▶ [Supplied information]:
════

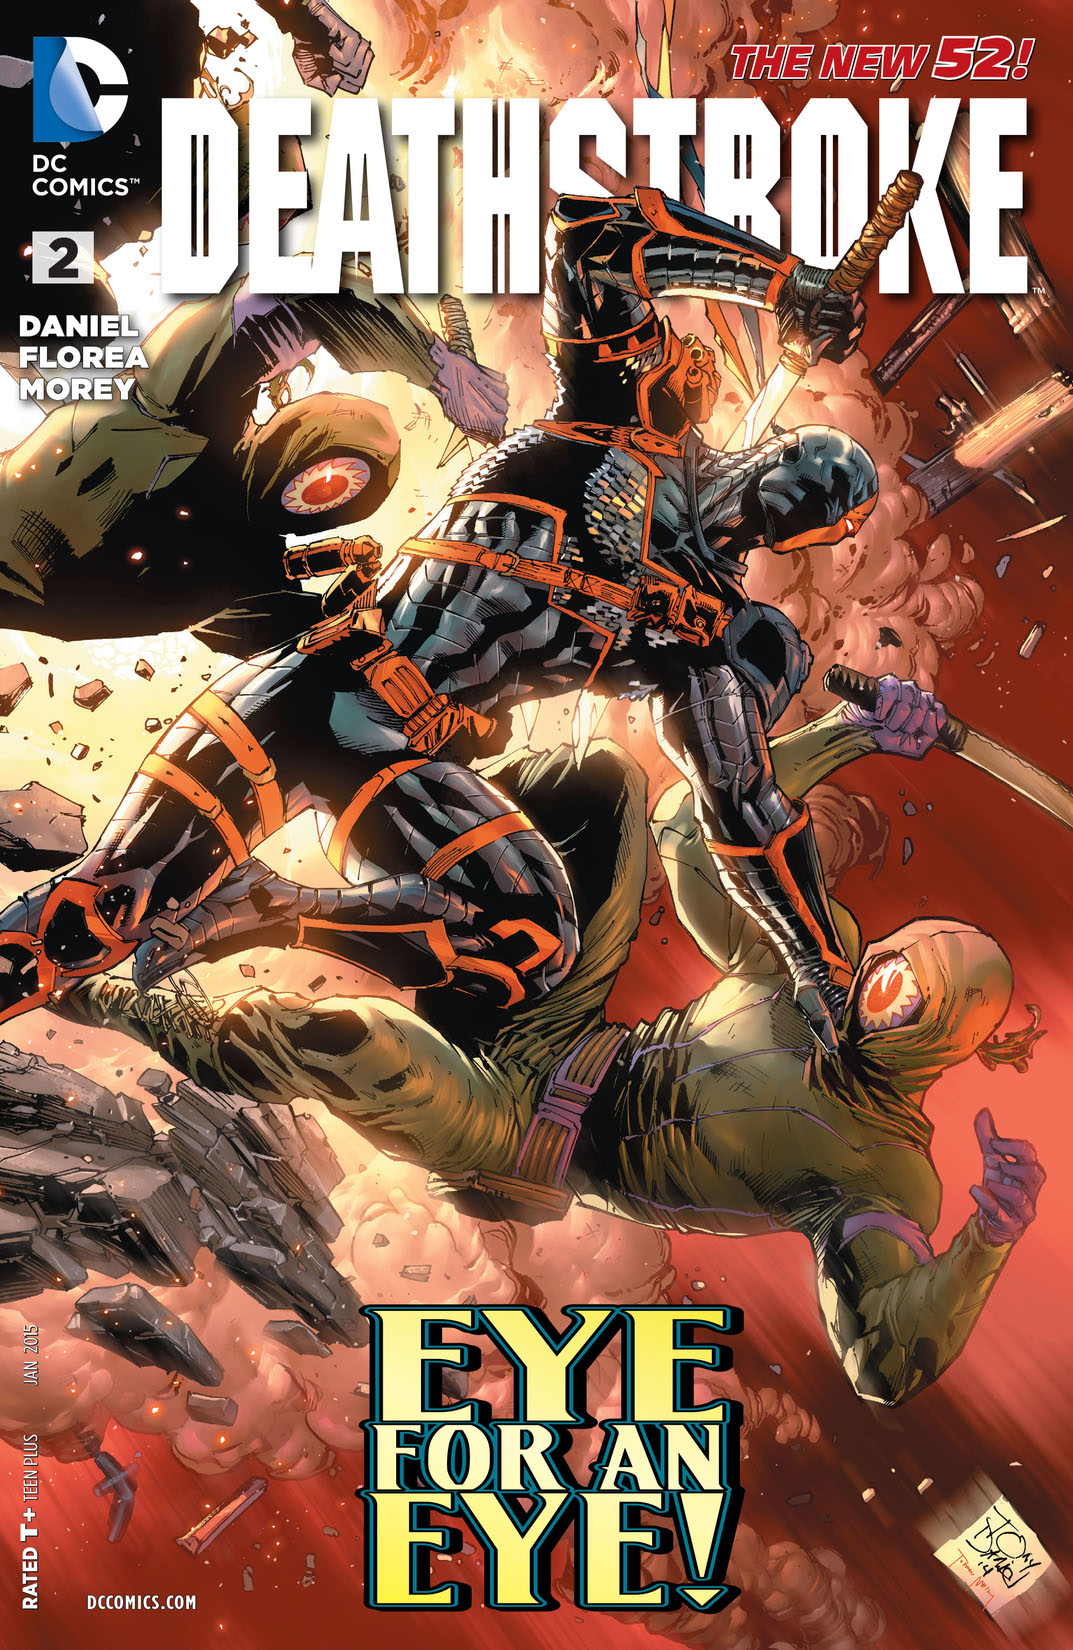 Deathstroke (2014-) #2 preview images
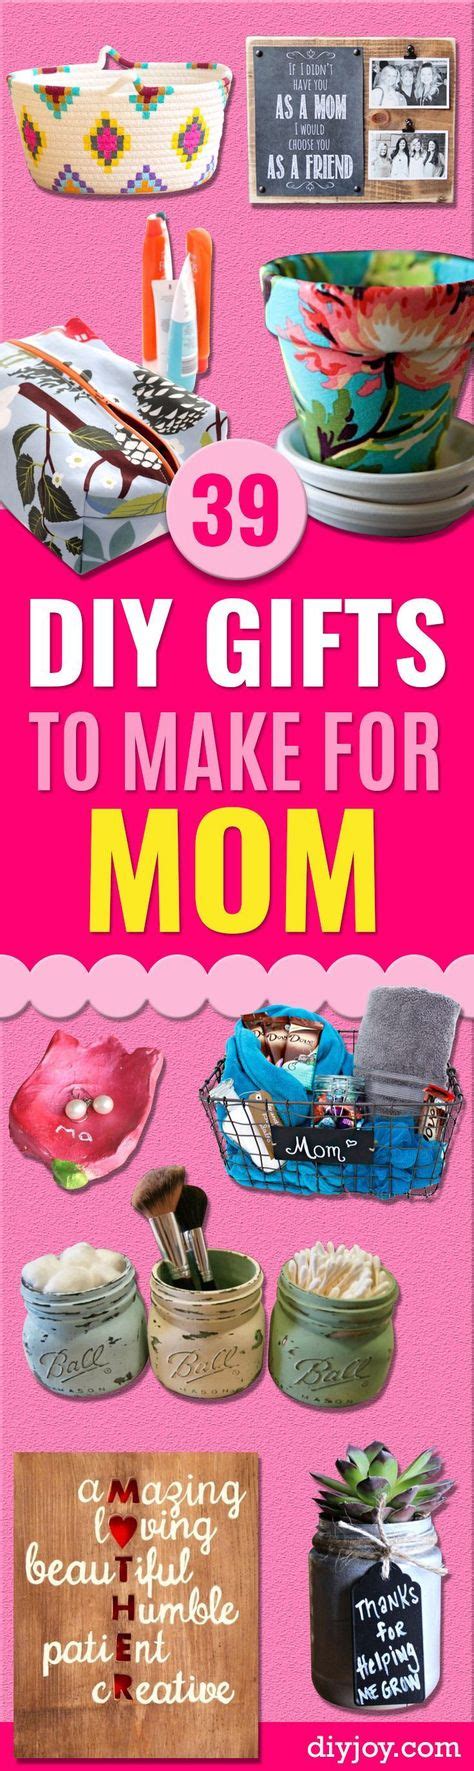 Creative Diy Gifts To Make For Mom Diy Gifts On A Budget Diy
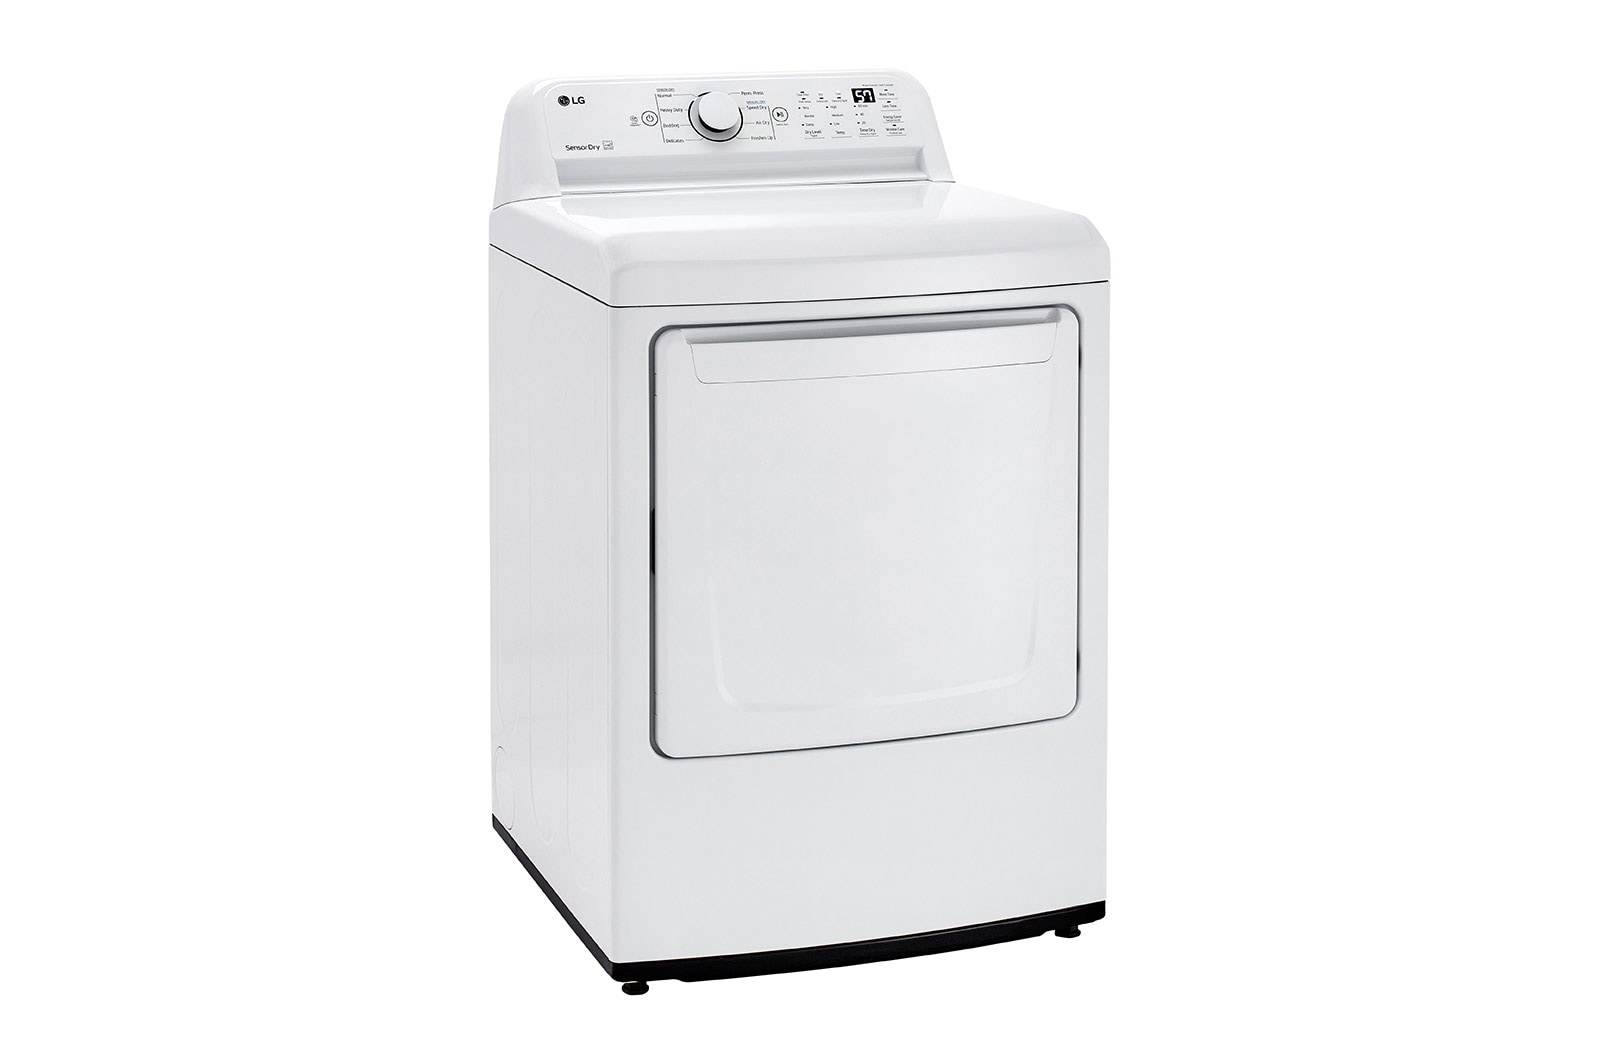 LG DLG7001W 7.3 cu. ft. Ultra Large Capacity Top Load Gas Dryer with

════

▶ [Problem to solve]:
Every line above must be printed again exactly, pictures excluded.

▶ [Your solution]:
 Deathstroke (2014-) #2 preview images
 Creative Diy Gifts To Make For Mom Diy Gifts On A Budget Diy
 LG DLG7001W 7.3 cu. ft. Ultra Large Capacity Top Load Gas Dryer with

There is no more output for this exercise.